* [Recorded data]:
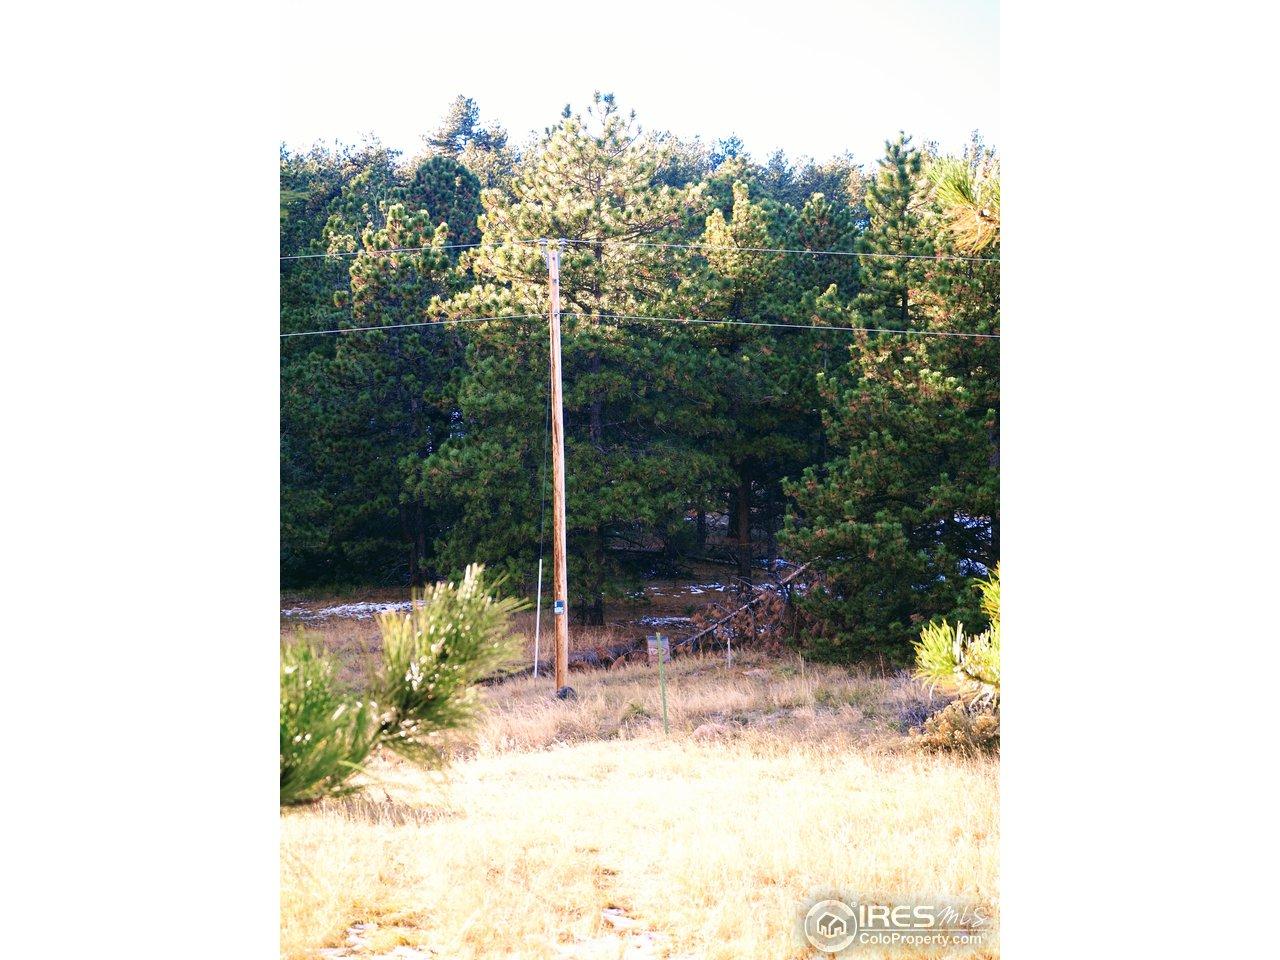 Electric pole on Property
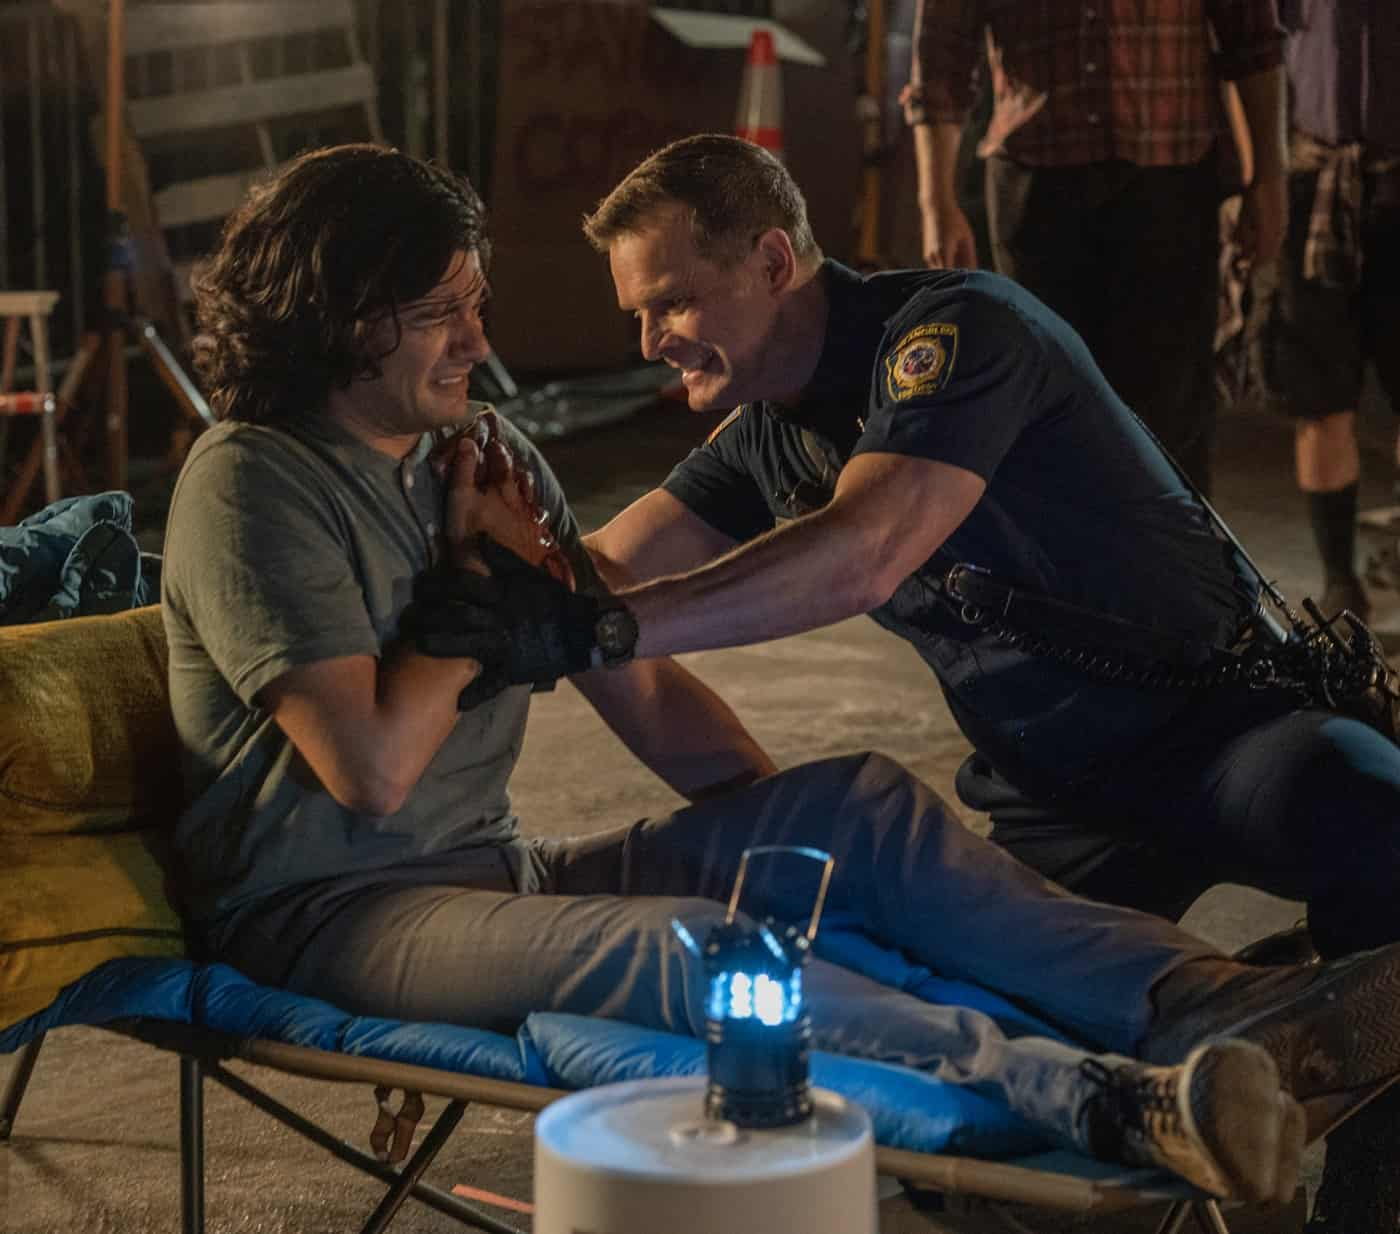 "911 Season 5 Episode 3 : Peter Krause (R) in the ""Desperate Measures"" episode of 9-1-1 airing Monday, Oct. 4 (8:00-9:00 PM ET/PT) on FOX. © 2021 FOX MEDIA LLC. CR: Jack Zeman /FOX."
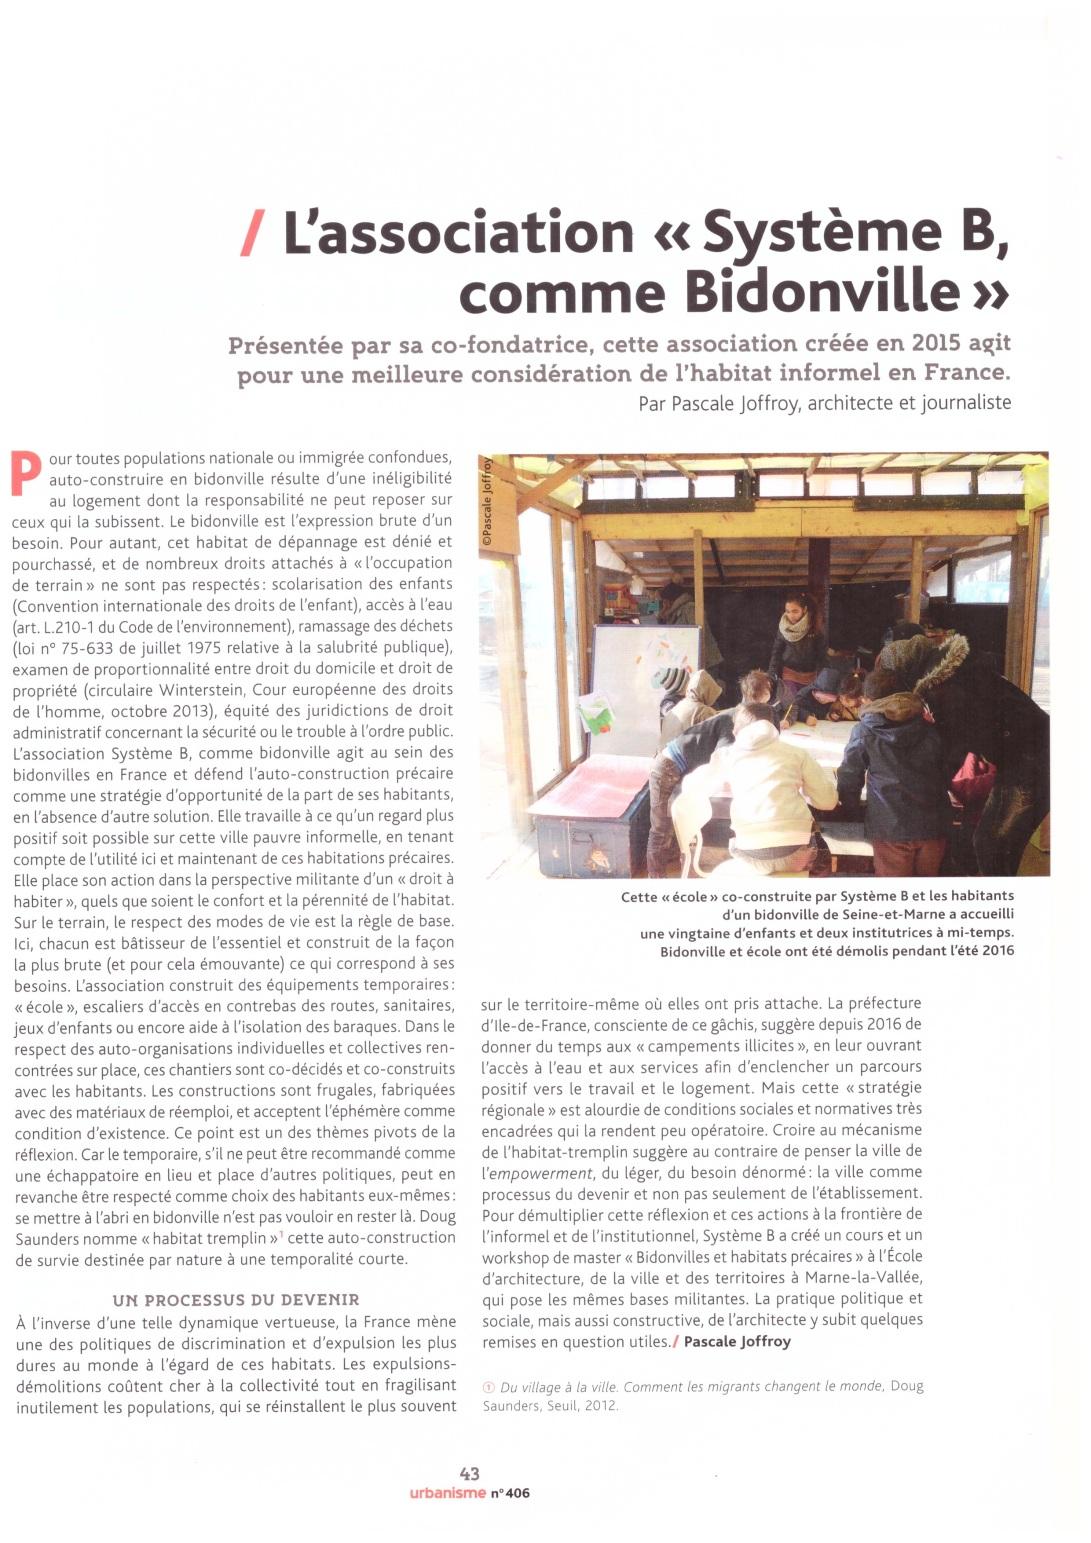 article SystèmeB - Urbanisme n°406
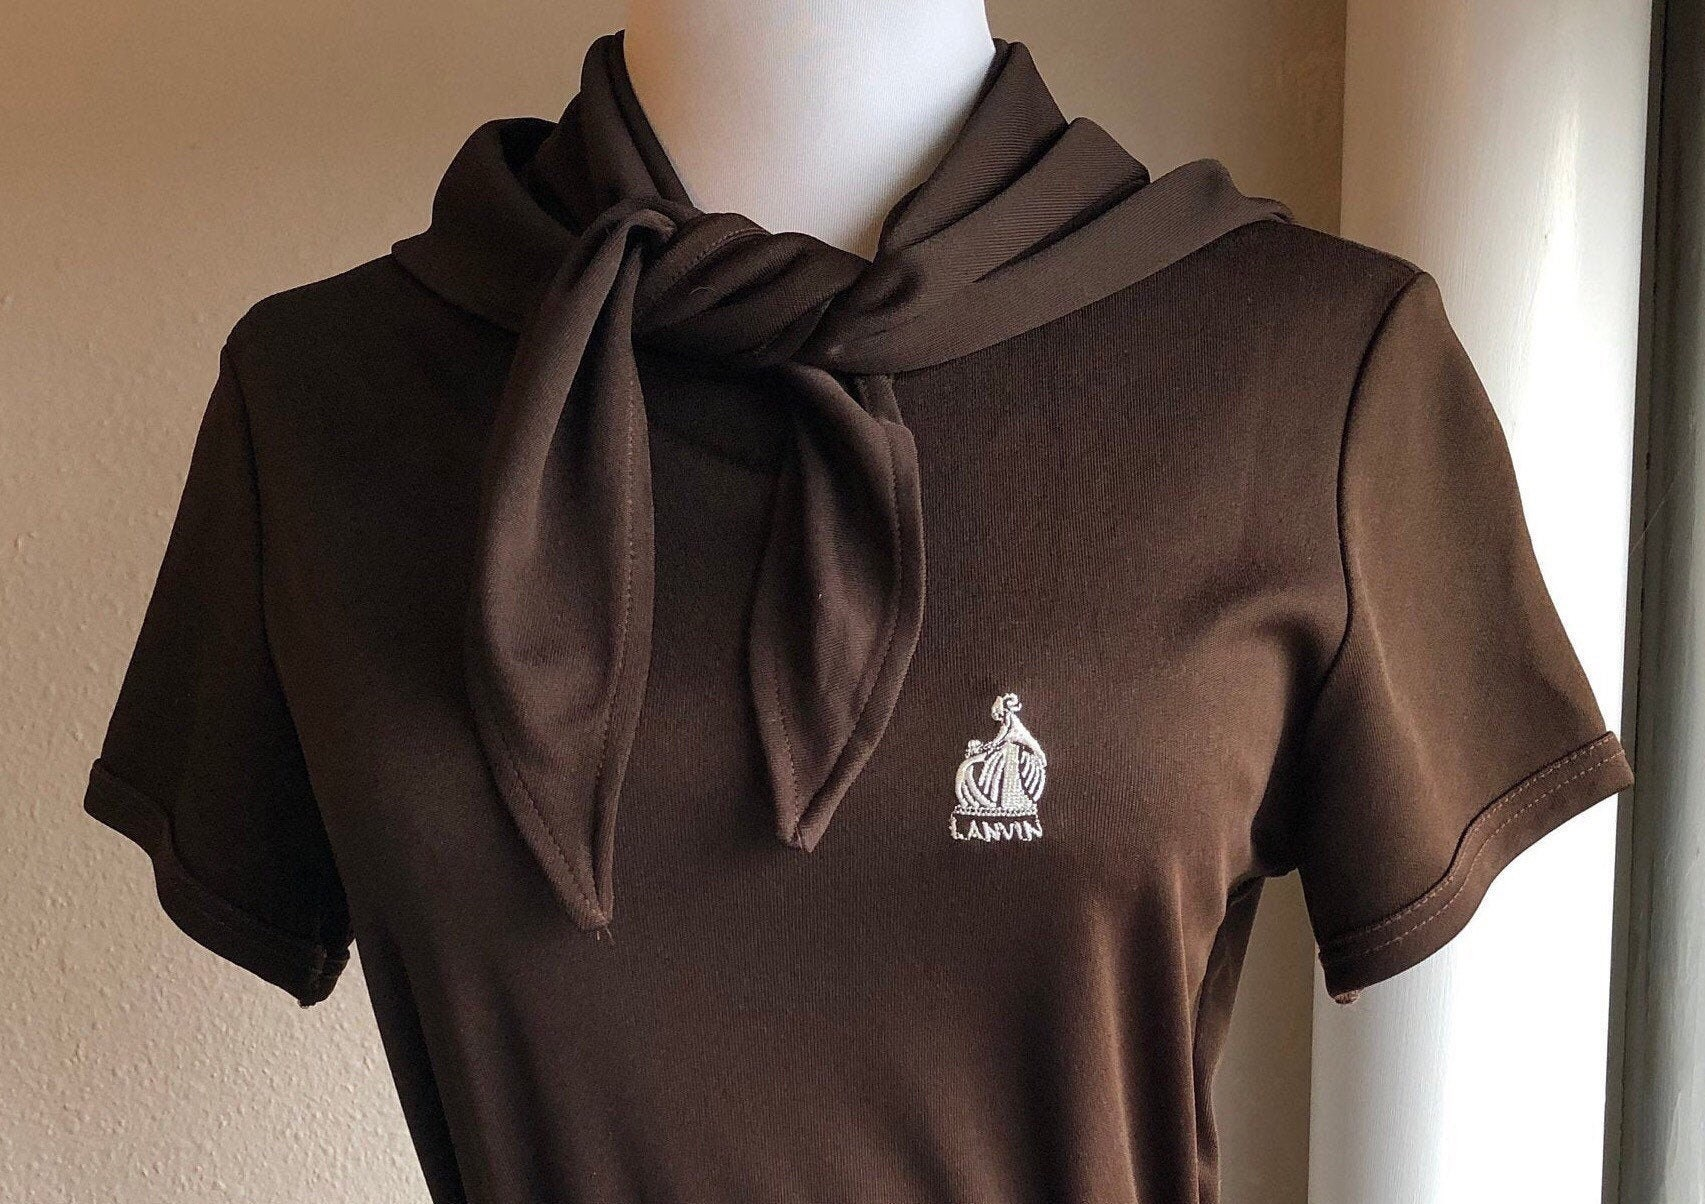 Vintage Scarf Styles -1920s to 1960s 70S Lanvin Paris New York Dark Brown Poly Jersey Knit Belted Scarf Tie T Shirt Dress Sz S 1970S Designer Vintage Embroidered Logo Short Slv $148.00 AT vintagedancer.com

* [Work instructions]: Down to the final line, restate the material above word for word, but omit its pictures.

* [Task answer]:
 Electric pole on Property
 "911 Season 5 Episode 3 : Peter Krause (R) in the ""Desperate Measures"" episode of 9-1-1 airing Monday, Oct. 4 (8:00-9:00 PM ET/PT) on FOX. © 2021 FOX MEDIA LLC. CR: Jack Zeman /FOX."
 article SystèmeB - Urbanisme n°406
 Vintage Scarf Styles -1920s to 1960s 70S Lanvin Paris New York Dark Brown Poly Jersey Knit Belted Scarf Tie T Shirt Dress Sz S 1970S Designer Vintage Embroidered Logo Short Slv $148.00 AT vintagedancer.com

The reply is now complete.